The UK government is set to announce funding for artificial intelligence (AI) and robotics research as part of the government’s strategy to help UK businesses maximize investment and trade opportunities.

Culture Secretary Karen Bradley is expected to make the funding announcement on Wednesday as part of the British government’s digital strategy.

The research, which will be carried out by top British universities, will have a fund of £17.3 million. The grant will come from UK’s Engineering and Physical Sciences Research Council.

The funding support came after recent research revealed the potential long-term impact the AI and robotics field could have on UK’s economy. Accenture, last year, published a report projecting that AI could contribute up to £654 billion to the British economy by 2035.

BenevolentAI CEO Jerome Pesenti, who previously served as chief data scientist at IBM and Computer Scientist Dame Wendy Hall, who is currently a professor at University of Southampton, have been commissioned to review the status of UK’s artificial intelligence sector. The review aims to pinpoint areas of opportunity for UK’s growing AI research industry.

In a statement, Professor Dame Wendy said she was looking forward to exploring collaboration opportunities for the government and the AI sector. She notes that British scientists, researchers and entrepreneurs have been at the forefront of AI research and development.

Demand for British expertise in the artificial intelligence field has skyrocketed in recent years.

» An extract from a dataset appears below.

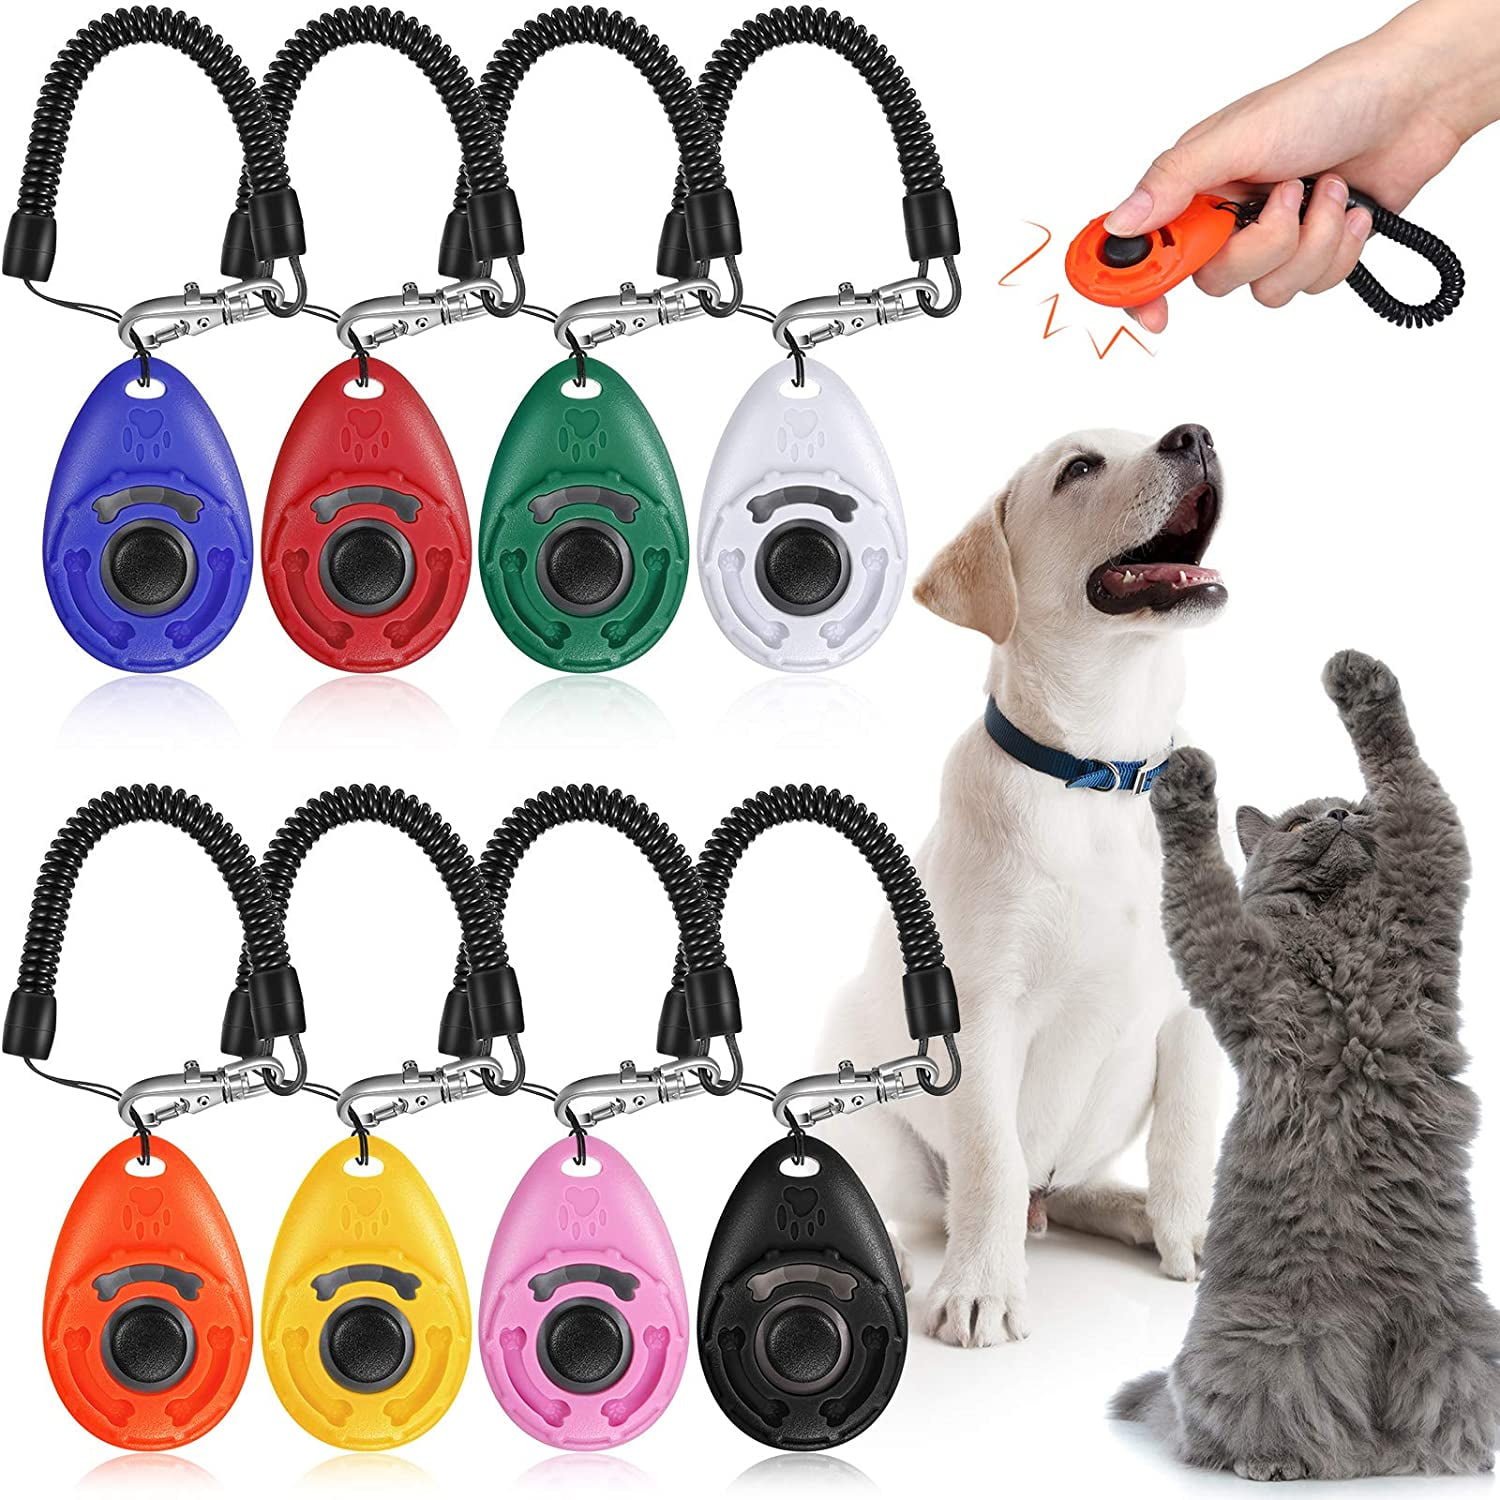 Big Button Training Clicker With Wrist Strap For Dog Cat Horse WIN 3Pcs Pet Dog Clicker

In 2014, search giant Google acquired DeepMind, a London start-up that invented a neural network that is capable of that mimicking the short-term memory of the human brain, for $400 million. In 2015, Apple paid $250 million to acquire UK-based start-up, VocalIQ, which specializes in machine learning that enables computers to understand natural human language. Microsoft likewise shelled out $250 million to buy SwiftKey, the London-based developer of a software keyboard with advanced predictive abilities.

A spokesperson for the UK’s Department for International Trade said the government is looking to help UK businesses make the most of trade and investment opportunities through targeted support and business matching.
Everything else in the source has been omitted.